Technical Validation
In the extended dataset, at the loose cut-off of 90 minutes, we obtained on average 5 pairs for Asian and Hispanic OR Latino patients, 4.7 pairs for Black and American Indian / Alaska Native patients, and 4.5 pairs for White patients (see Table 2 with the average number of pairs per race and ethnicity).
To ensure that the distributions of SaO2 and PaO2 values obtained in the three considered EHR were concordant with the literature, we plotted an oxyhemoglobin dissociation curve (Figure 5). We did not observe substantial deviation from the known dissociation curve. Specifically, the pH-associated left and right shifts were verified, ensuring that the data curation process in the original databases was not flawed.
We examined the pairs of the extended dataset to study the agreement of SpO2 measurements by pulse oximeter with the SaO2 measurements by ABG. We assessed various lengths of the eligible time window (delta_SpO2) to pair readings. The modified Bland-Altman plots presented in Figure 6 revealed no significant differences between the two readings over time windows of length 5 and 30 minutes, respectively. The patterns remained the same irrespective of the database, patient race, and patient ethnicity. However, increasing delta_SpO2 tolerances yielded a sharp increase in the RMSE for Asian, Black, and Hispanic patients (Figure 7); this change was most pronounced for a time delta of 60 minutes or more, most likely due to lower sample sizes among patients from minority groups than among White patients. Although increasing the time delta mechanistically resulted in an incremental increase in the number of eligible paired samples, we selected 5 minutes as the optimal cut-off. Indeed, it coincided with a marked increase in paired samples, while still yielding a relatively small RMSE.

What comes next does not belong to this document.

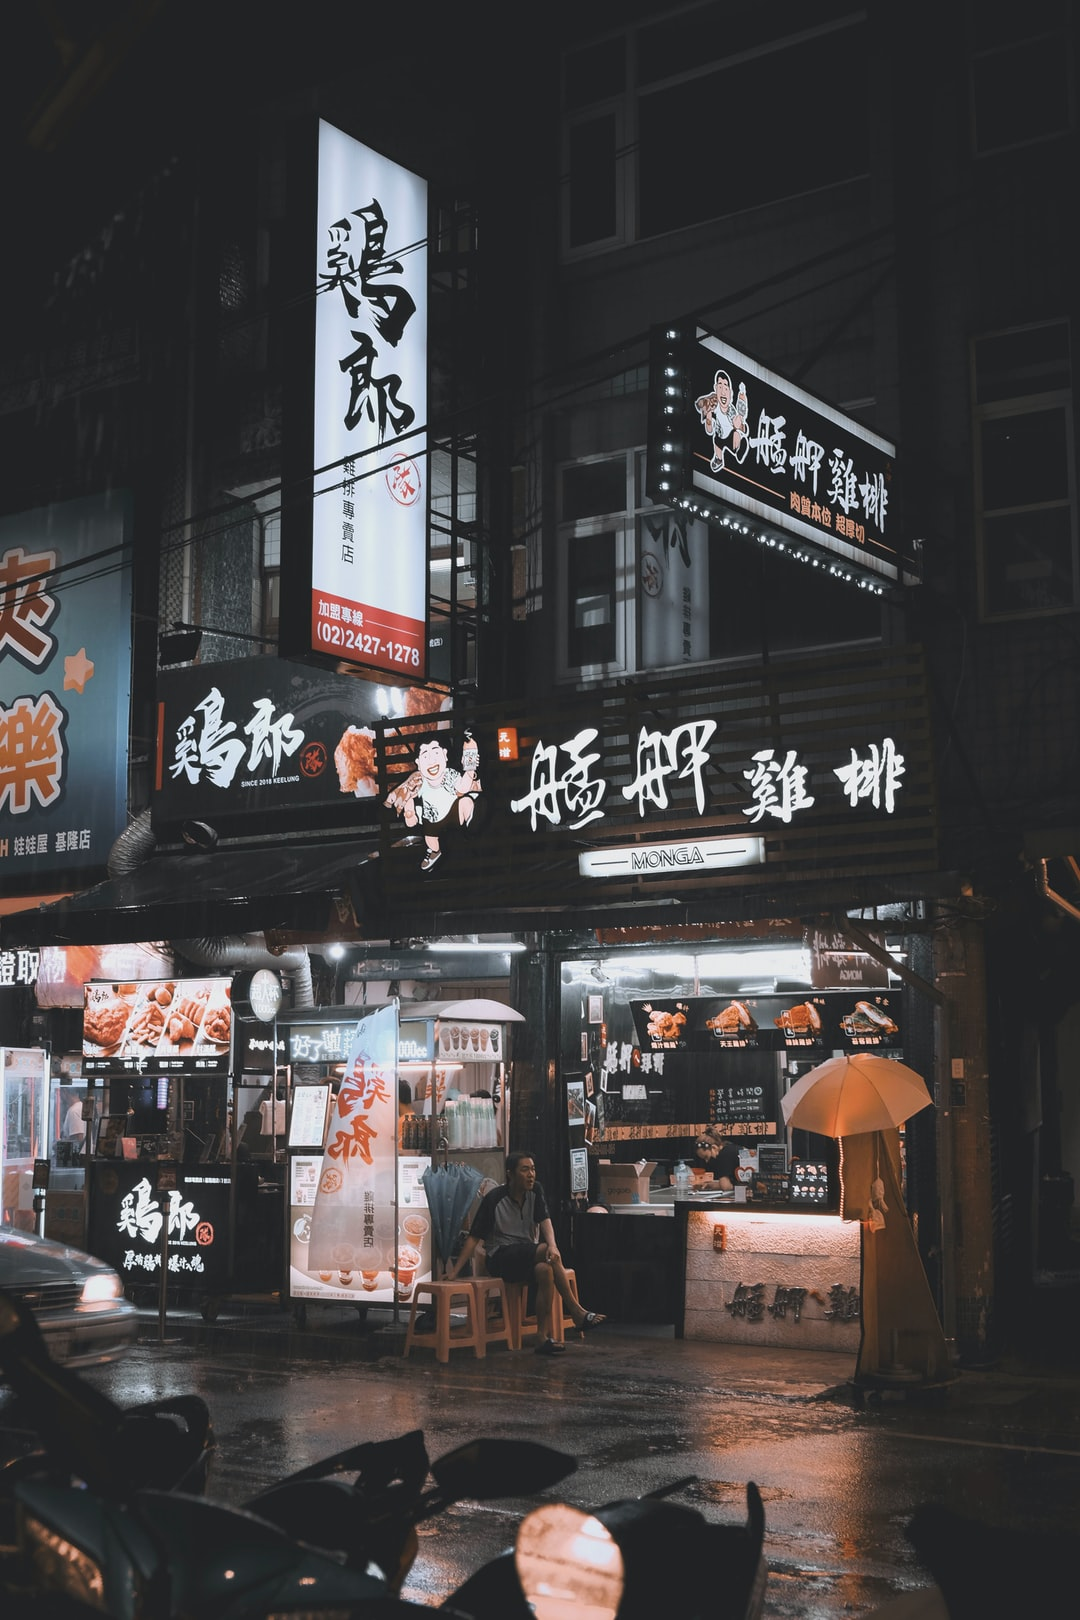 Exploring The Night Market

The final dataset consisted of 49,099 first (SaO2, SpO2) pairs. Most pairs emanated from eICU-CRD (43,438), followed by MIMIC-IV (4,921), and then by MIMIC-III (740) (see figures 3a, 3b, and 3c with the flow diagram per database; figure 4 with the overall flow diagram). The distribution of eligible pairs by race and ethnicity varied across the three databases. Notably, the application of our exclusion criteria in the two MIMIC databases resulted in an overrepresentation of White and male patients, while patients from racial and ethnic groups were dropped at a higher rate. This disproportionate exclusion rate may owe to the lower likelihood of ABG draws among patients from minority racial and ethnic groups.2
In sum, across all three databases, White patients formed the most prevalent racial and ethnic subgroup, accounting for ∼ 75% of cases in the resulting dataset after application of our inclusion and exclusion criteria. In addition, the majority of patients in this dataset were male (55.3% in eICU-CRD; 61.6% in MIMIC-III; 65.0% in MIMIC-IV).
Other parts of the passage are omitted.